Один из всадников был молодым красивым юношей. На нем был скромный камзол и такие же штаны из тонкого синего брюссельского сукна, обрисовывающие его гибкую и статную фигуру. Изящный бархатный берет был сдвинут вперед, чтобы защитить глаза от солнца. По выражению лица сразу можно было заметить, что он чем-то сильно озабочен. Но больше всего бросалось в глаза, что, несмотря на молодые годы и скромный костюм всадника, на ногах у него звенели большие золотые шпоры. Это, безусловно, говорило о том, что юноша имел рыцарское звание, а длинный побелевший рубец на лбу и несколько шрамов на щеке придавали его нежному красивому лицу мужественный вид. Рядом с ним на большом коне ехал рыжеволосый гигант. К седлу его был приторочен большой полотняный мешок с золотом, звеневший при каждом шаге коня. Джон, – а это был именно он – очевидно, пребывал в прекрасном расположении духа, так как с лица его не сходила счастливая широкая улыбка. Да и странно было не радоваться: он возвращался в Гемпшир живым и невредимым, с пятью тысячами крон впридачу, которые он выжал-таки из пленного испанского кабальеро. Но самое главное – то, что он был теперь оруженосцем Аллена Эдриксона, молодого минстедского владельца, посвященного в рыцари самим Черным принцем.

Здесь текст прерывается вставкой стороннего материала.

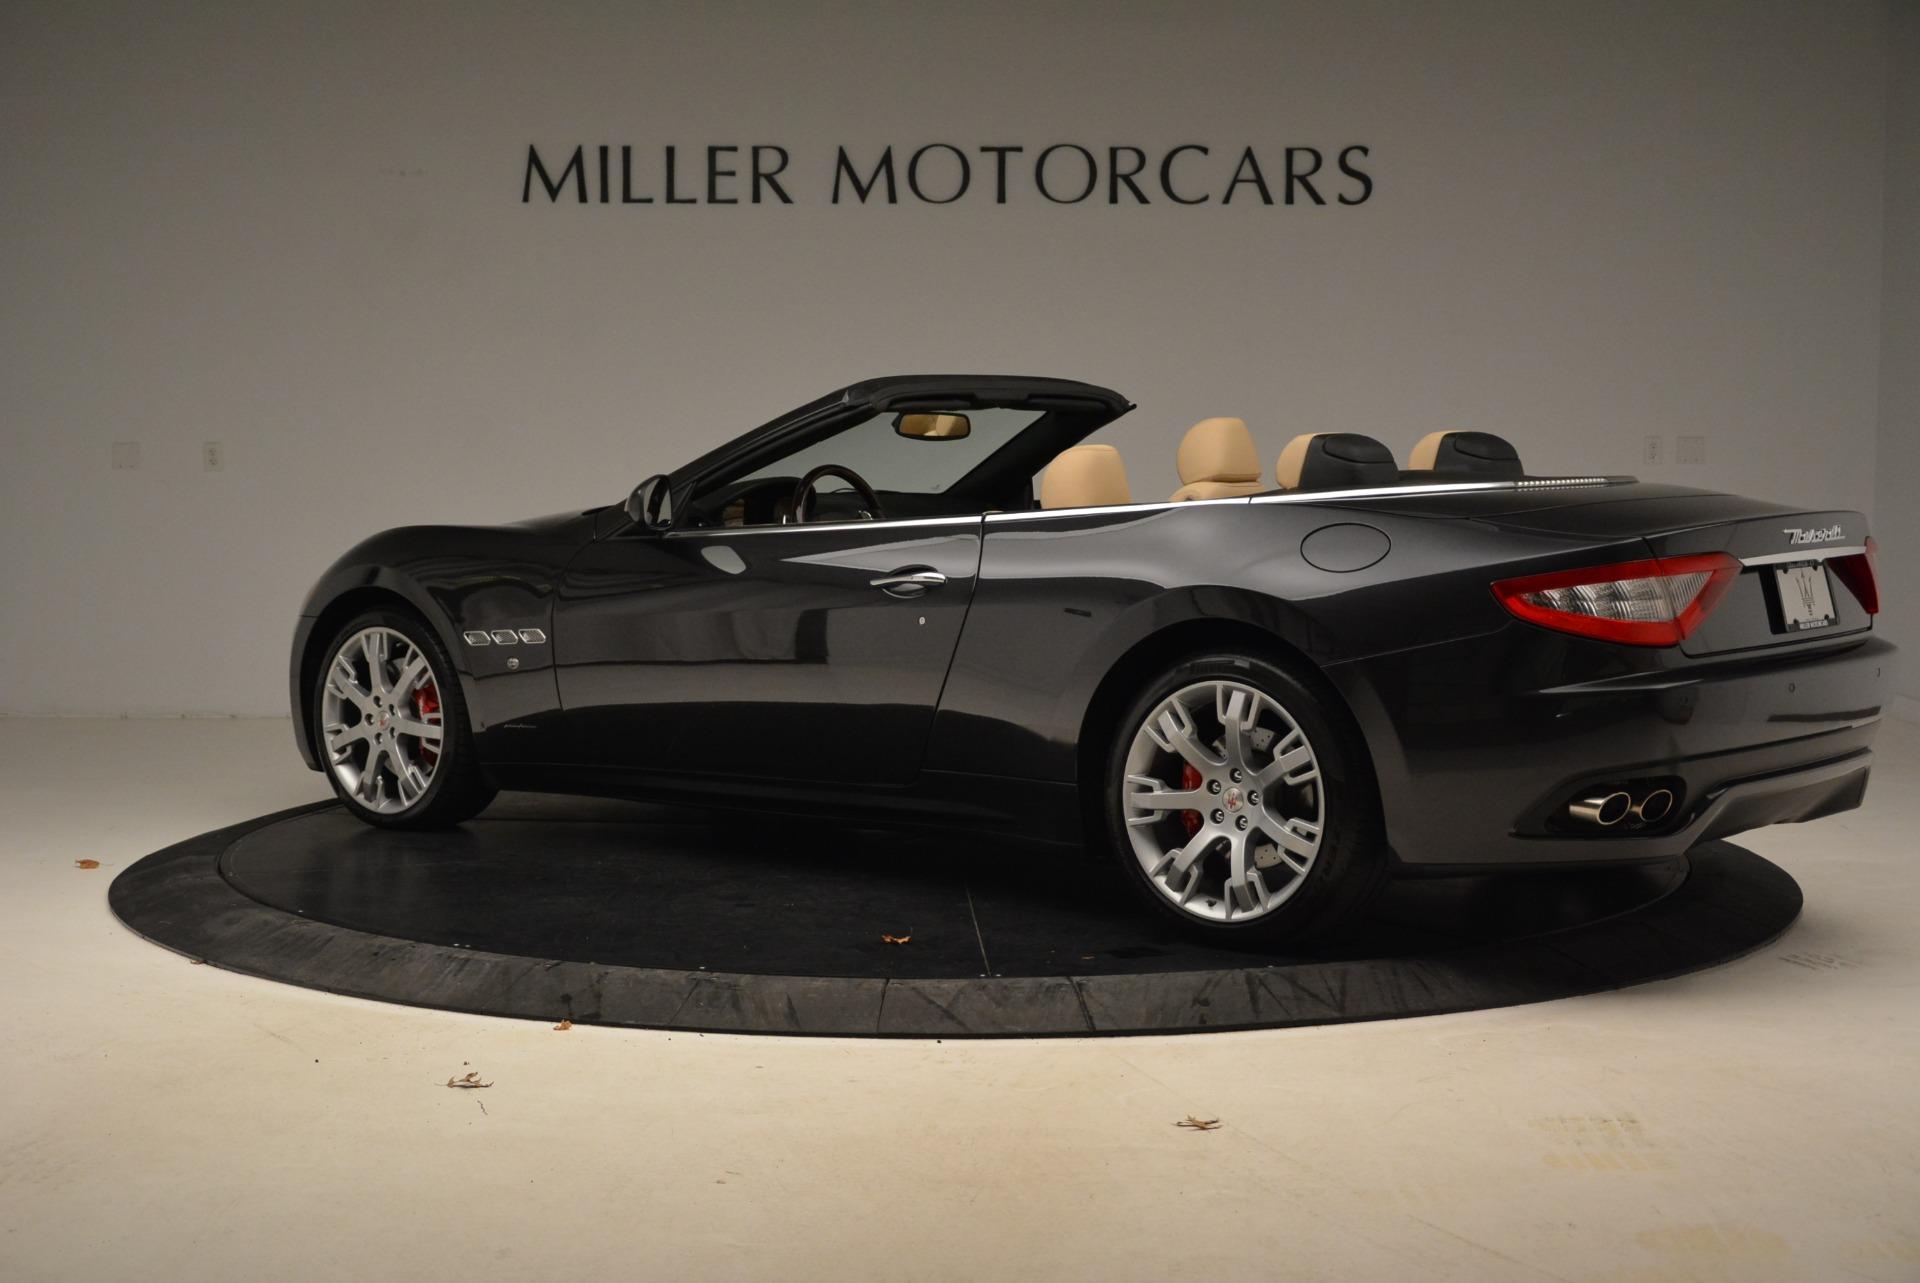 Used 2013 Maserati GranTurismo Convertible  For Sale In Westport, CT 2050_p4

Произошло все это следующим образом. В течение двух месяцев Аллен находился между жизнью и смертью. Но молодость и чистое сердце взяли свое, и он очнулся после долгого забытья. Война закончилась, и испанцы со своими союзниками французами были наголову разбиты при Наваретте. Принц узнал о геройском подвиге Аллена и решил, что, если Богу угодно будет призвать к себе такого храброго и мужественного юношу, то он, по крайней мере, должен умереть в рыцарском звании. Поднявшись на ноги, Аллен тотчас же бросился искать своего господина, но поиски окончились неудачно, так как никто не мог сказать, жив ли сэр Найджел или уже давно умер. С тяжелым сердцем возвращался теперь Аллен домой, так как после смерти брата не имел никаких известий из Гемпшира.

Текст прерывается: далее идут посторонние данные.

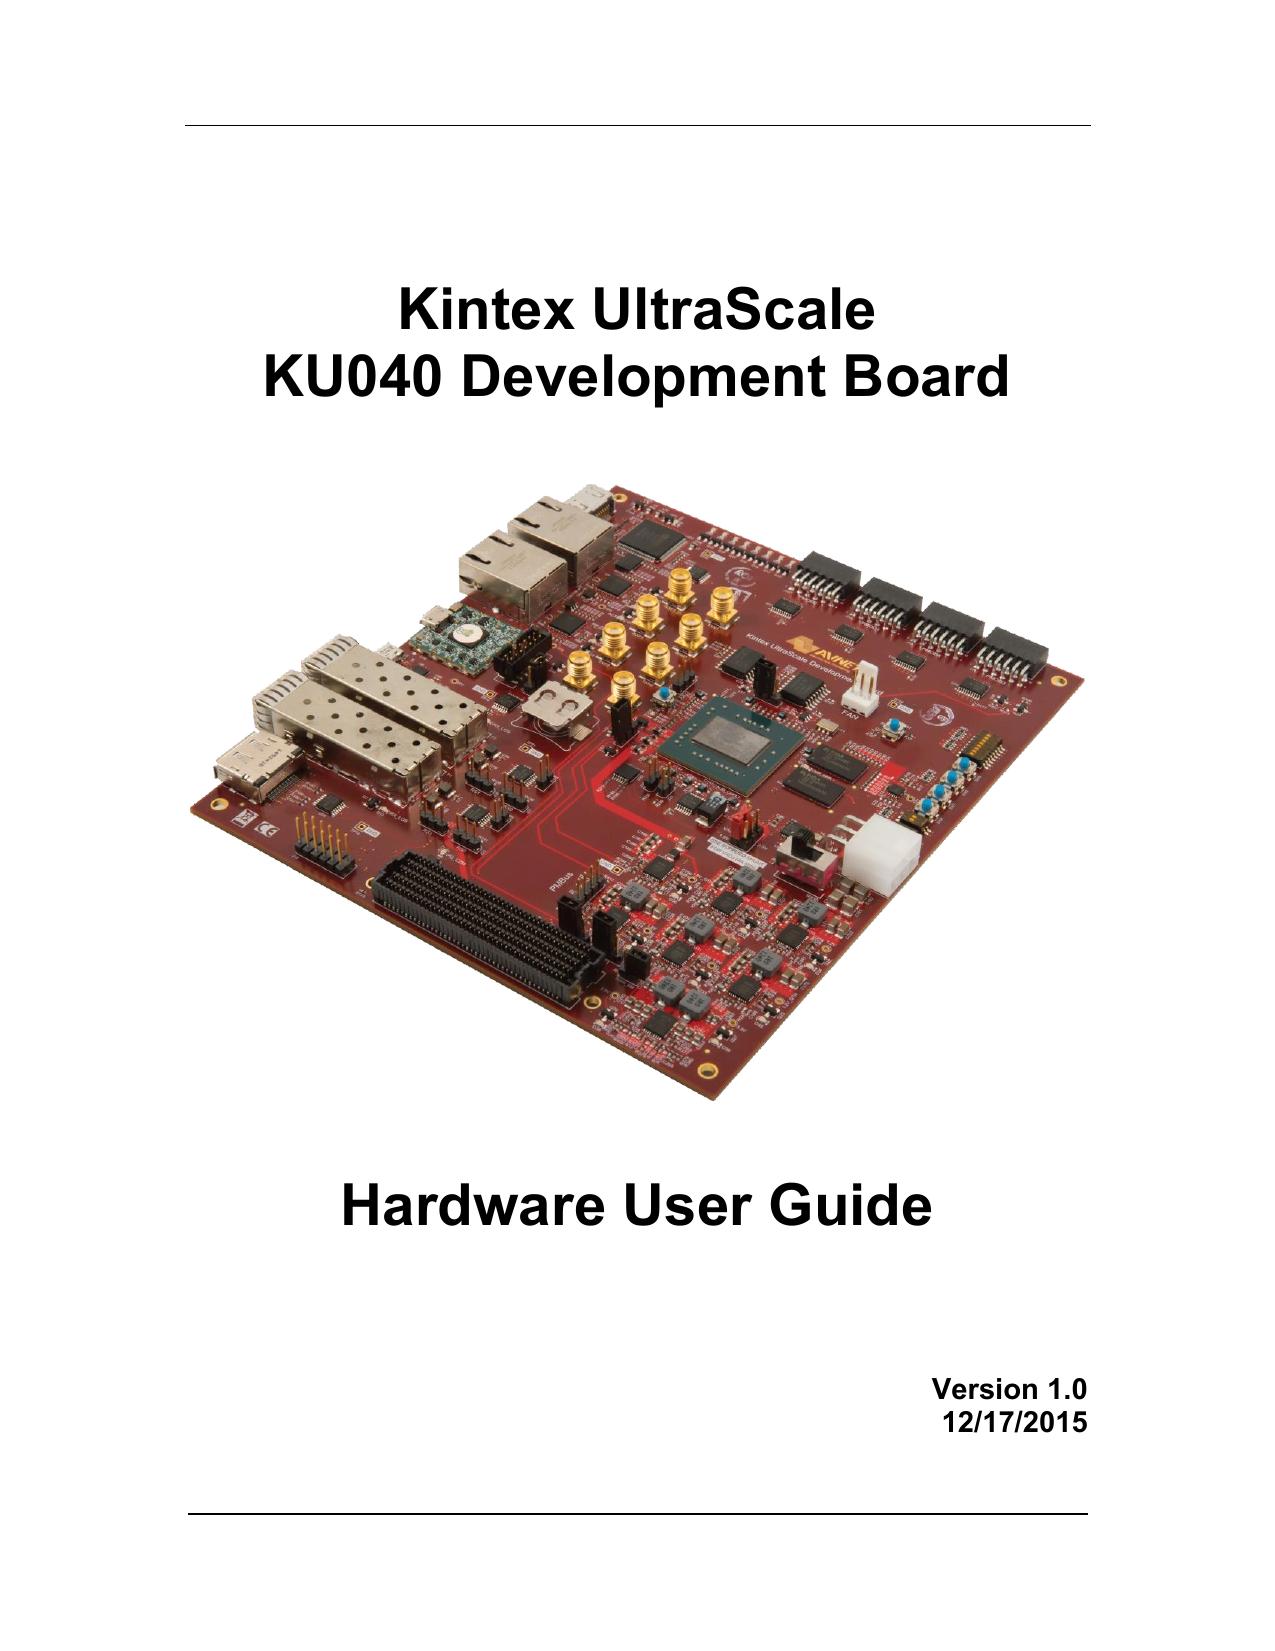 Kintex UltraScale KU040 Development Board Hardware User Guide

– Ну где вы увидите таких славных коров! – восклицал радостно Джон. – И таких пьяных, как этот бездельник, что лежит под забором.

– Ах, Джон, – возразил печально Аллен, – вам весело, а я никогда не думал, что мне придется возвращаться домой при таких печальных обстоятельствах. Сердце мое обливается кровью, когда я вспоминаю о дорогом милорде и Эльварде. И что я скажу леди Лоринг?

Джон лишь покачал лохматой головой и испустил такой тяжелый вздох, что даже лошади испугались.

– Действительно, это очень печальная штука, – сказал он, – но слезами горю непоможешь. Половину своих крон я отдам матери, а вторую половину присоединю к вашим деньгам. Мы купим ту желтую посудину, на которой ехали в Бордо, и поедем разыскивать сэра Найджела.

Аллен только улыбнулся и покачал головой.

– Если бы сэр Найджел был жив, он давно бы дал о себе знать. Однако, к какому это мы подъезжаем городу? – спросил он. – Да это Ромсей! – заорал во всю глотку Джон. – Вот башня старой церкви, и при ней женский монастырь.

Как раз в это время за поворотом дороги показалась большая дорожная карета, запряженная четверкой лошадей. В богатом экипаже, обитом внутри белым атласом, с гербами на дверцах и резными колесами, пожилая леди выщипывала маленькими серебряными щипчиками брови. В тот миг, когда Аллен свернул с дороги, чтобы пропустить экипаж, у того вдруг отлетело колесо. Карета накренилась набок, лошади заржали, а кучер закричал во всю глотку. Наши всадники моментально поспешили на помощь, Джон схватил за узду испугавшихся лошадей, а Аллен помог почтенной леди выбраться из экипажа.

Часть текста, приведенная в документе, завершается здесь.